• **Required work**: This calls for a verbatim copy of all the data, with no images carried over.

• **Dataset content**:
↓↓↓
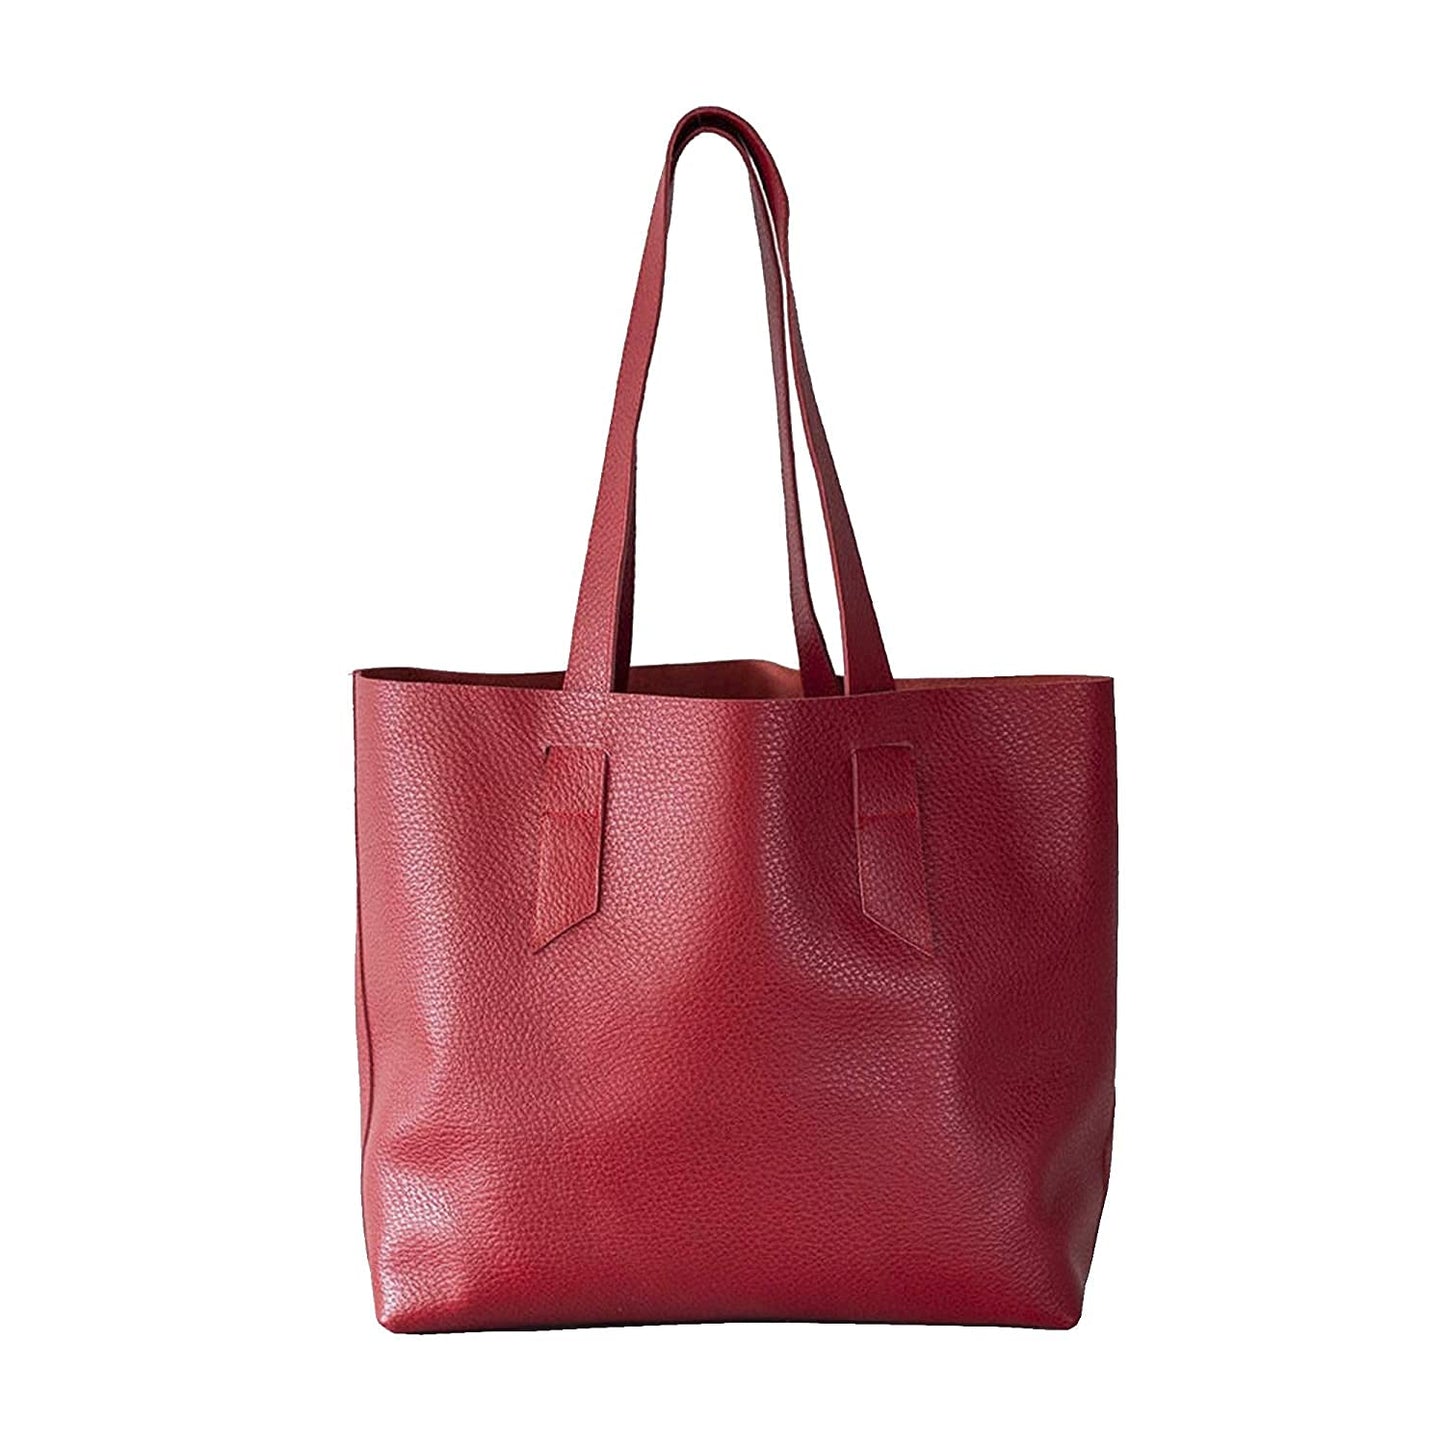 Baby Pink Leather Tote Bag for Women Raw Edge Shopper Purse Unlined Bag Leather Shoulder Bag Large Marketing Bag Everyday Tote Bag Large
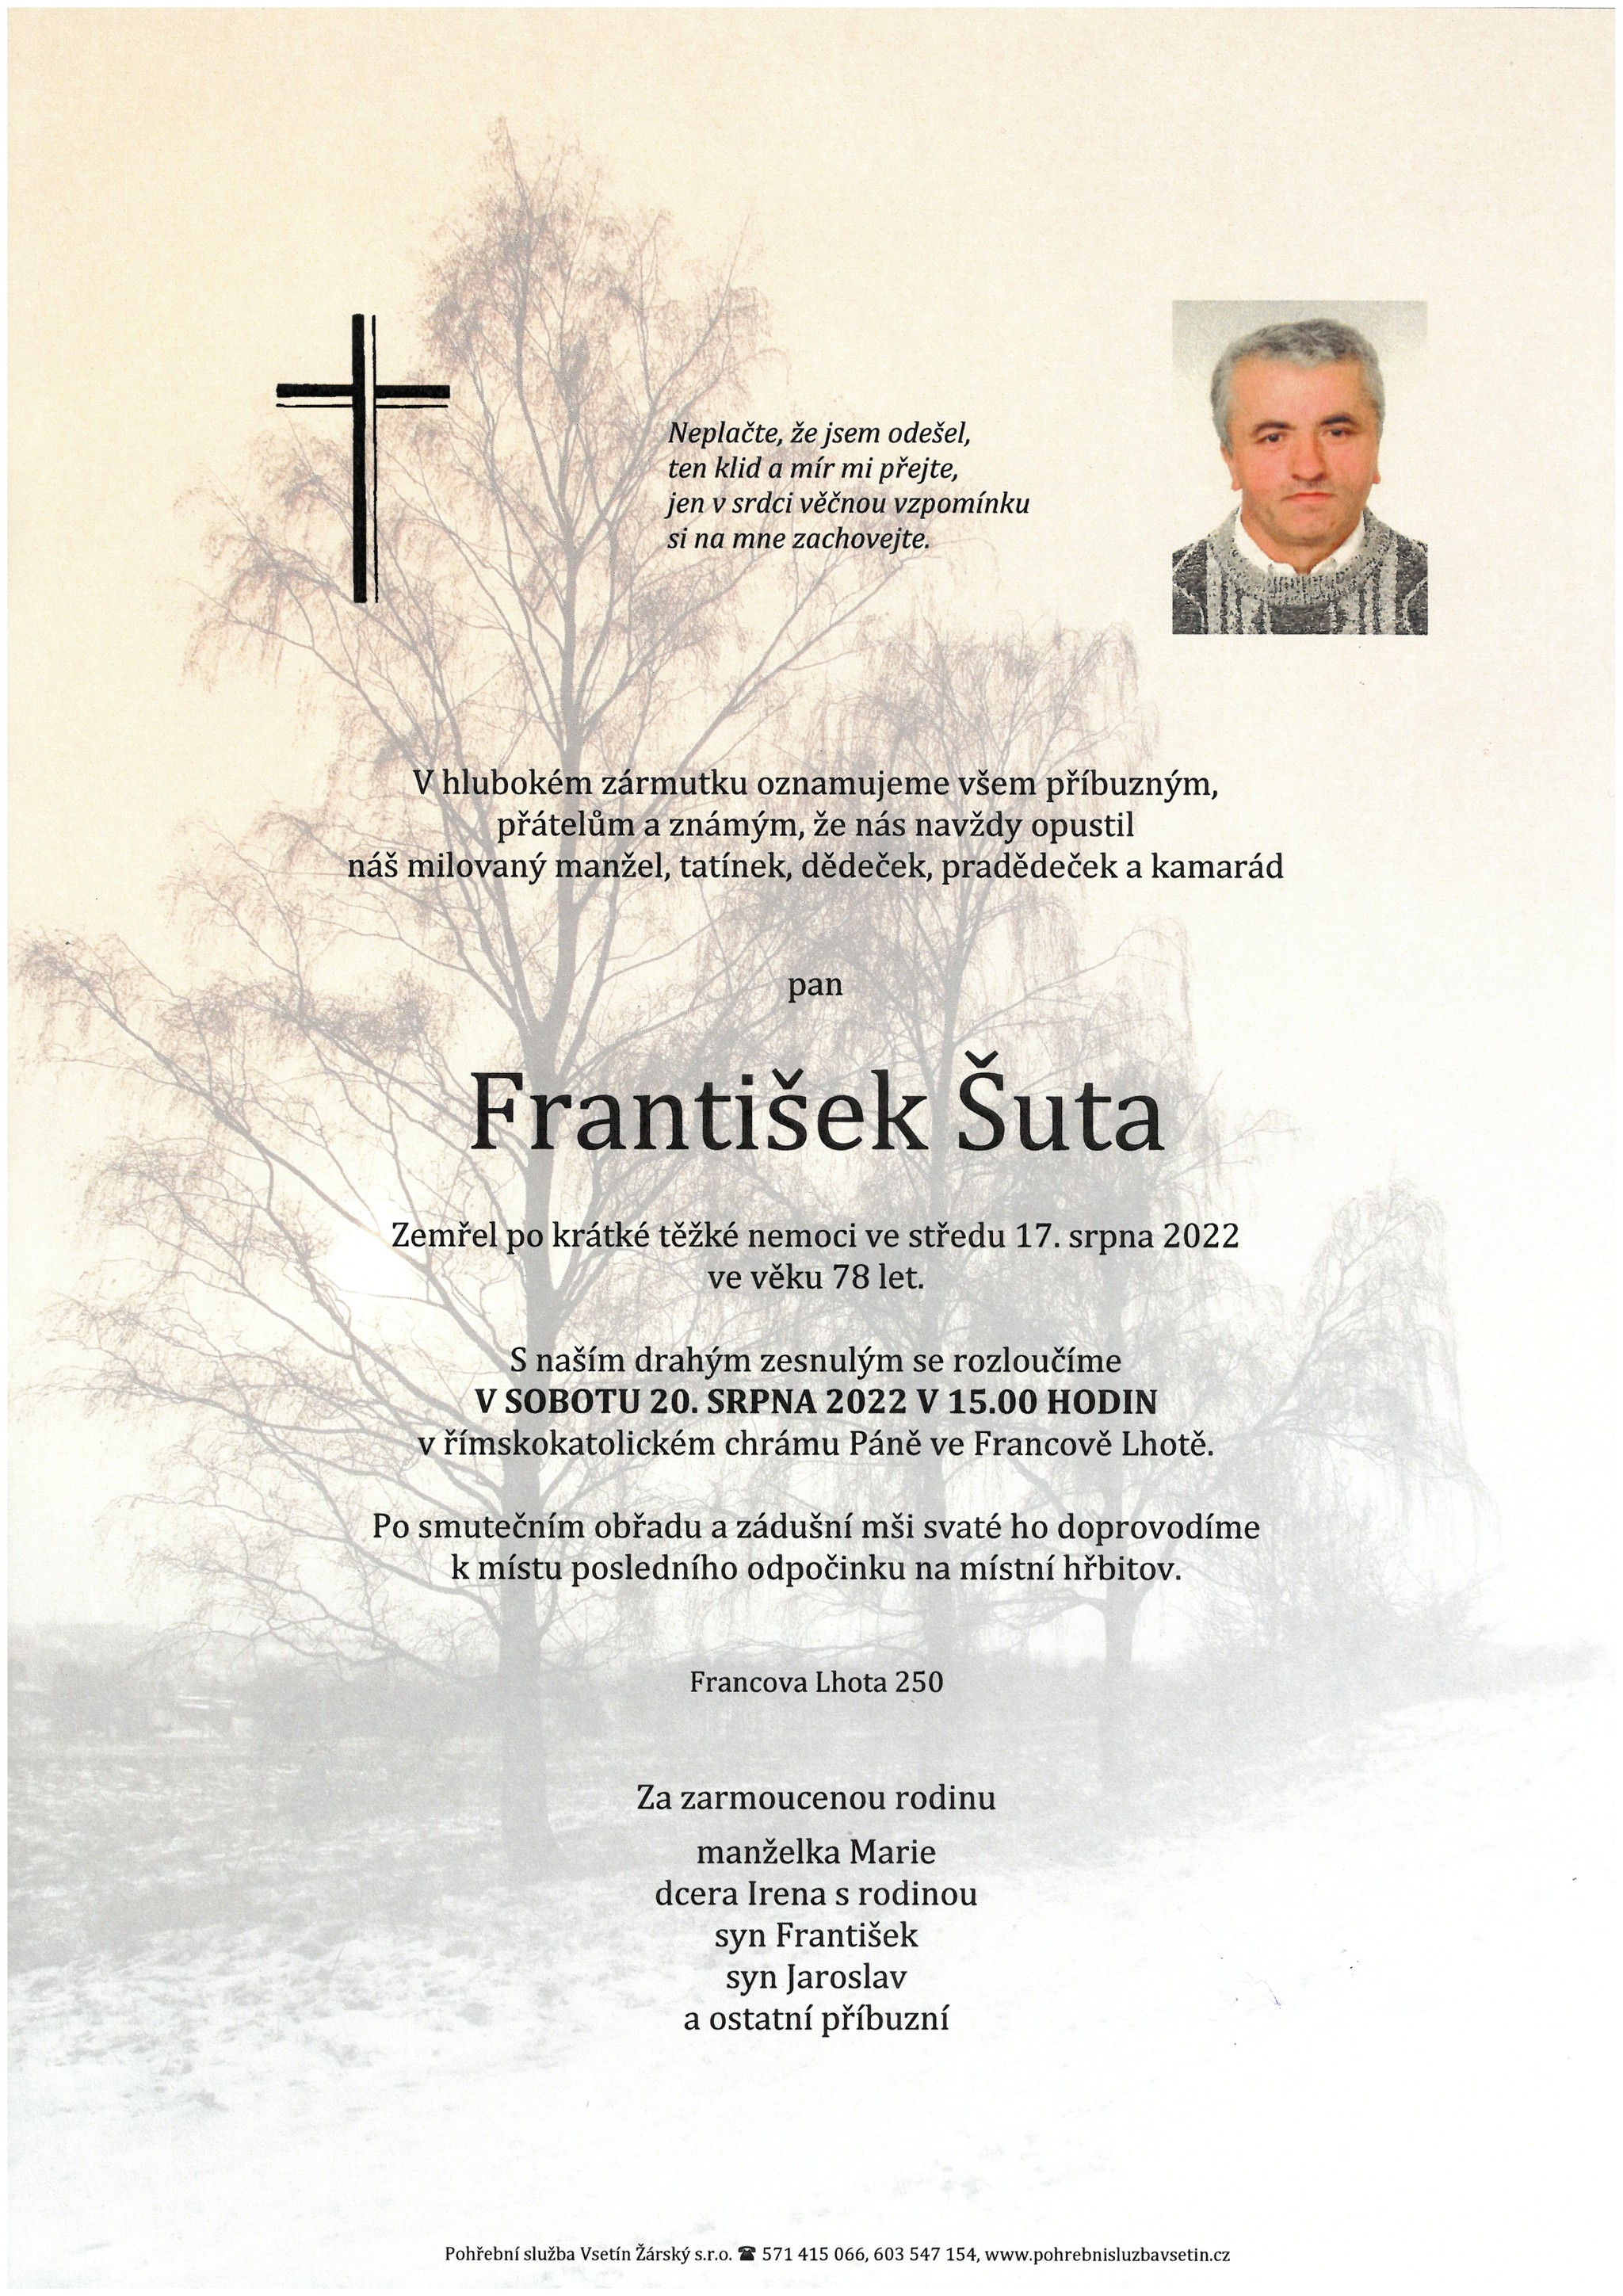 František Šuta
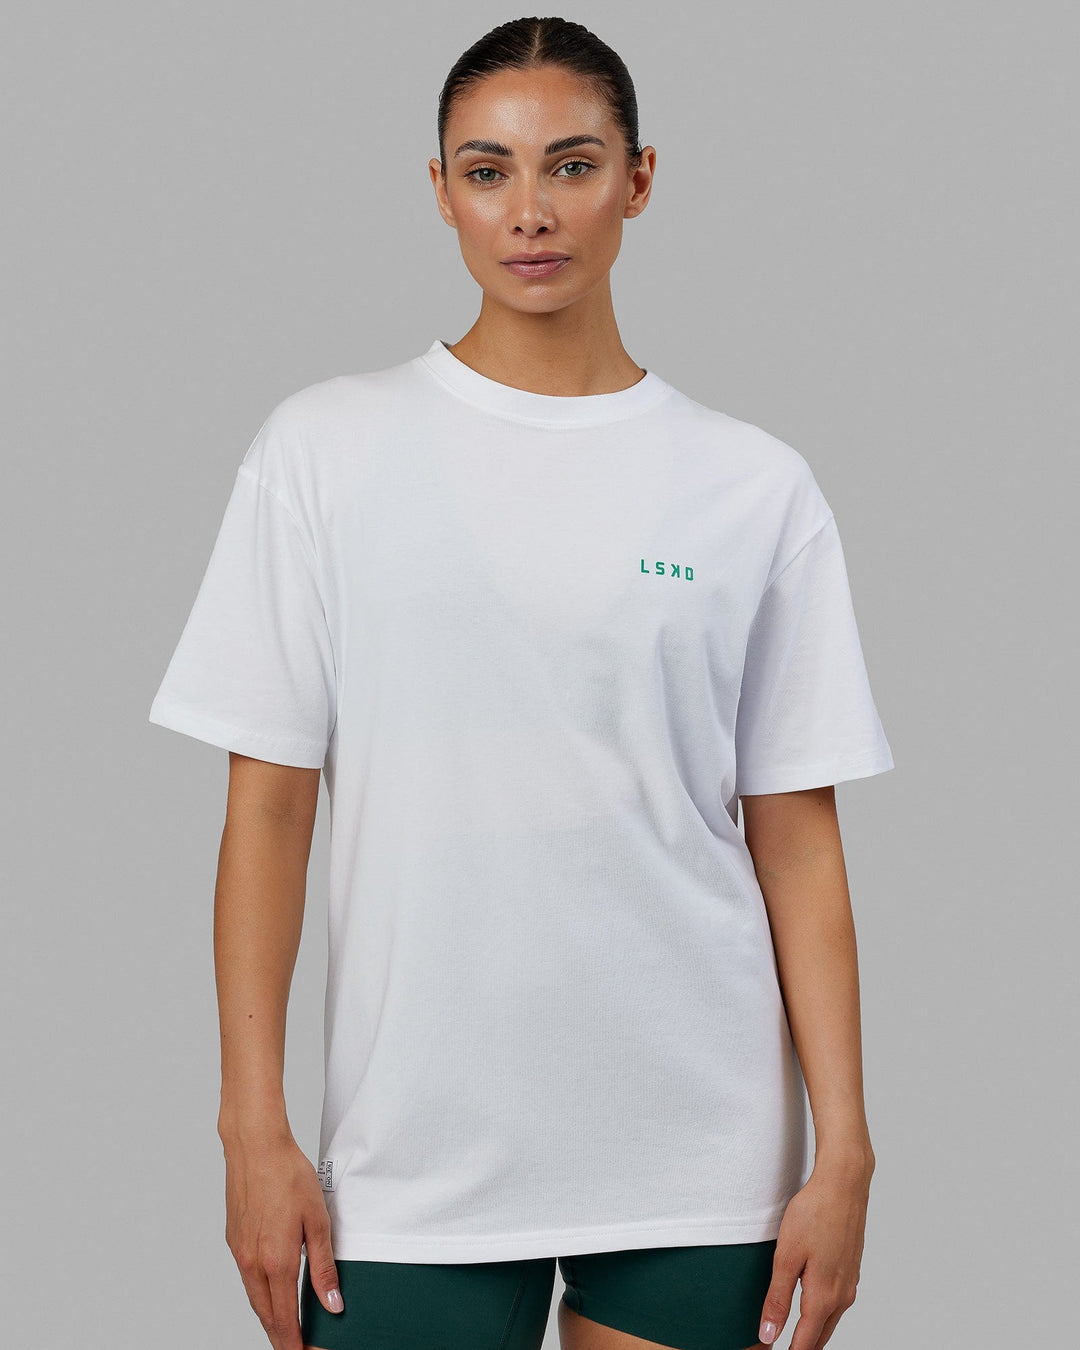 Woman wearing Unisex VS3 FLXCotton Tee Oversize - White-Green Tambourine
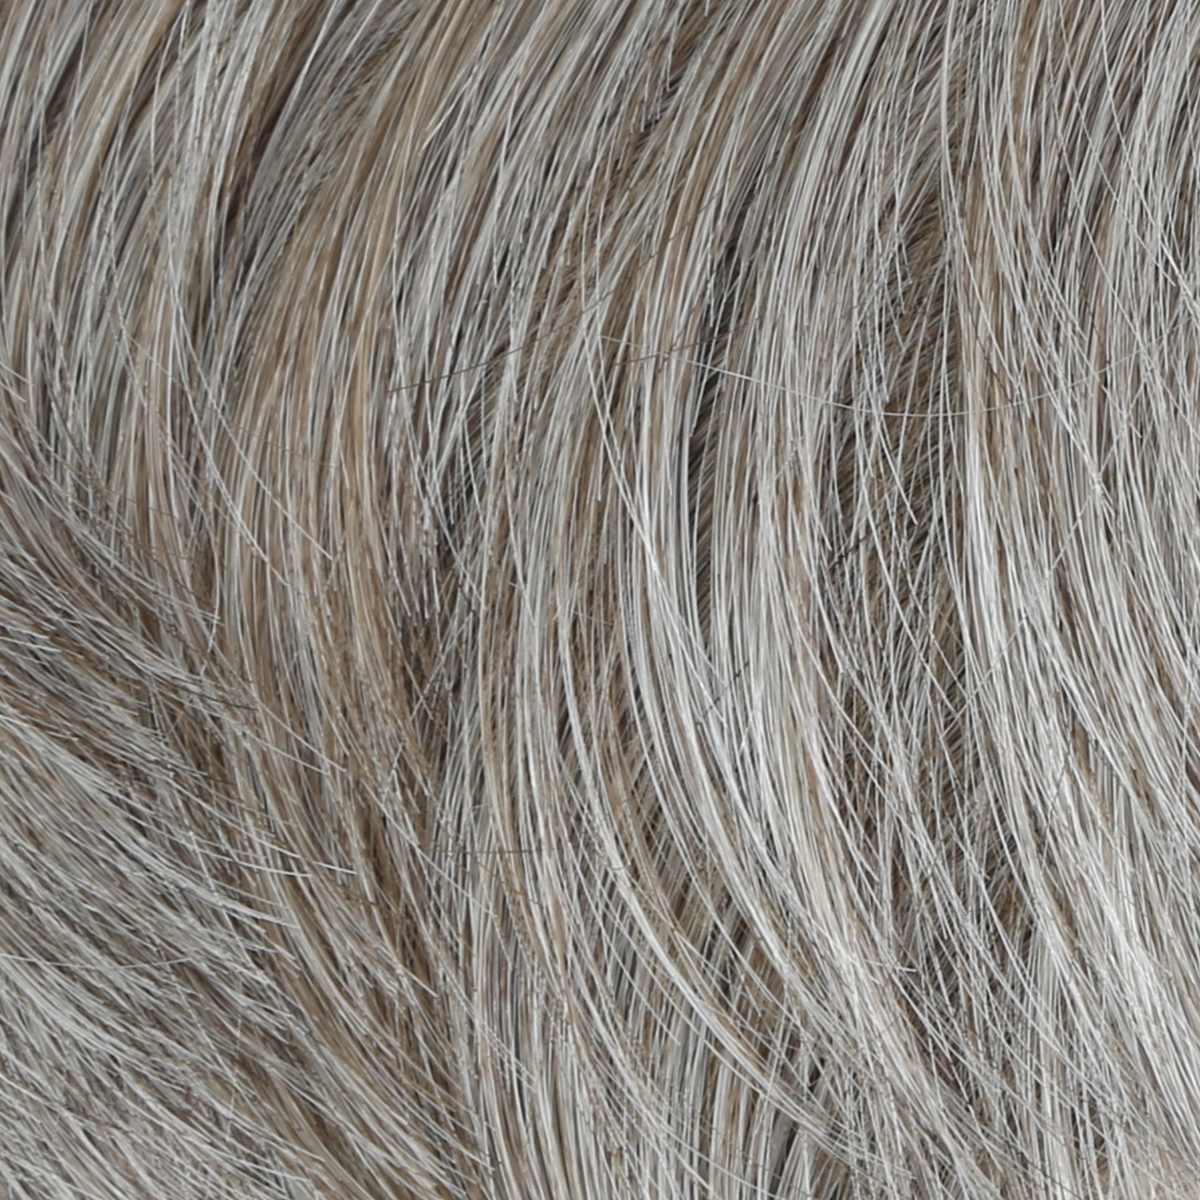 M51S 50% Grey - Light Ash Blonde
↑↑↑
• **Output**:
 Baby Pink Leather Tote Bag for Women Raw Edge Shopper Purse Unlined Bag Leather Shoulder Bag Large Marketing Bag Everyday Tote Bag Large
 František Šuta
 Woman wearing Unisex VS3 FLXCotton Tee Oversize - White-Green Tambourine
 M51S 50% Grey - Light Ash Blonde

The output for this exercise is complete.